▶ [YOUR ASSIGNMENT]: Repeat every line from the line containing "JWguest Residential Home" to the end of the data, exactly. Leave the pictures out.

▶ [MATERIAL PROVIDED]:
******************************

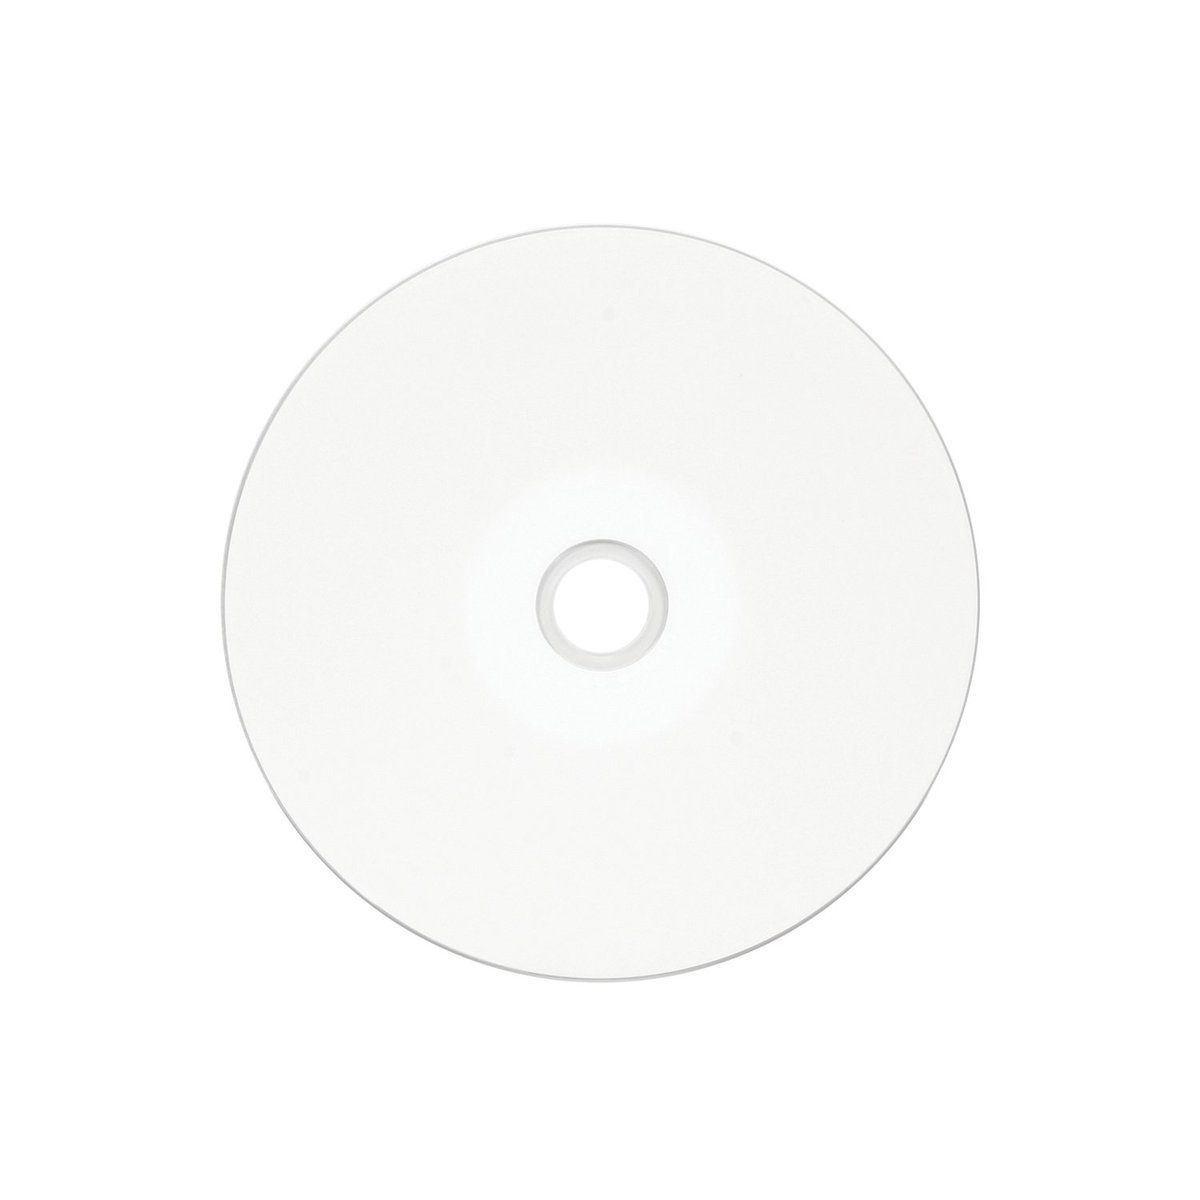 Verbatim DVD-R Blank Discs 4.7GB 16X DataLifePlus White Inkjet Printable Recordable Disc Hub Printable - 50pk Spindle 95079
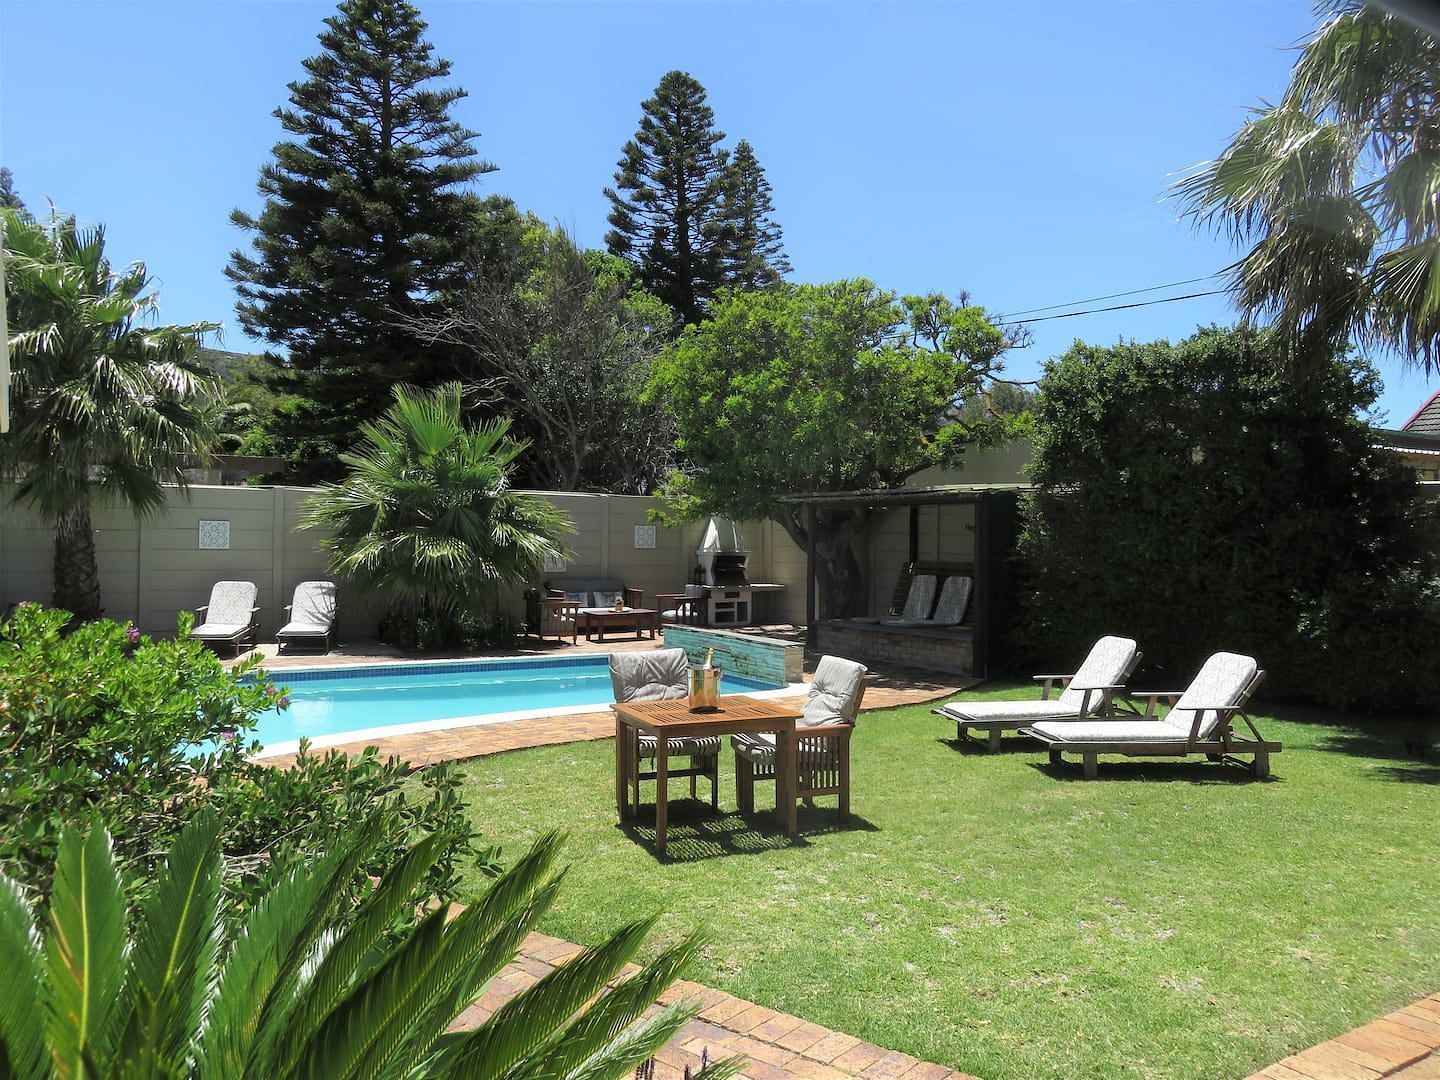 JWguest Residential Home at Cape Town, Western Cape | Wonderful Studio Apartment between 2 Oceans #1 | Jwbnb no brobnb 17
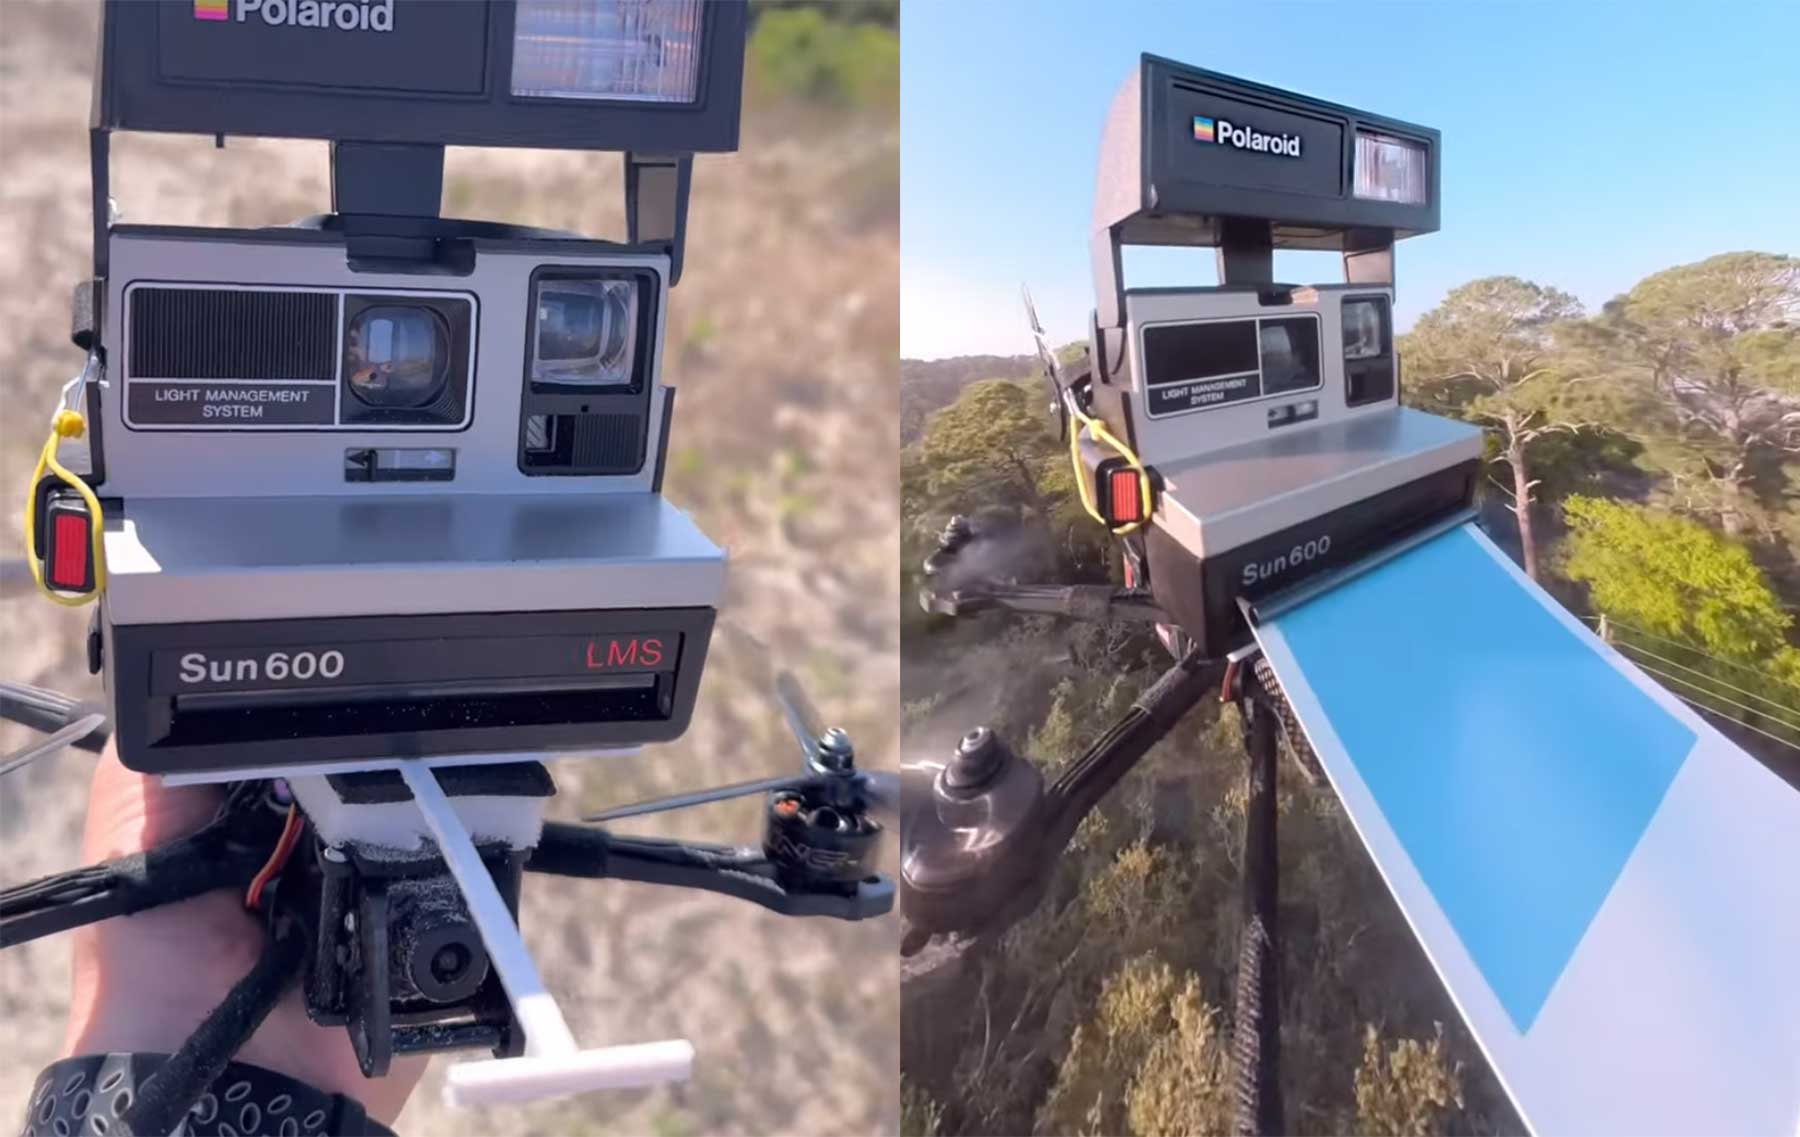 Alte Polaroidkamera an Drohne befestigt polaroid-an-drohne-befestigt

******************************

▶ [ANSWER SECTION]:
 JWguest Residential Home at Cape Town, Western Cape | Wonderful Studio Apartment between 2 Oceans #1 | Jwbnb no brobnb 17
 Alte Polaroidkamera an Drohne befestigt polaroid-an-drohne-befestigt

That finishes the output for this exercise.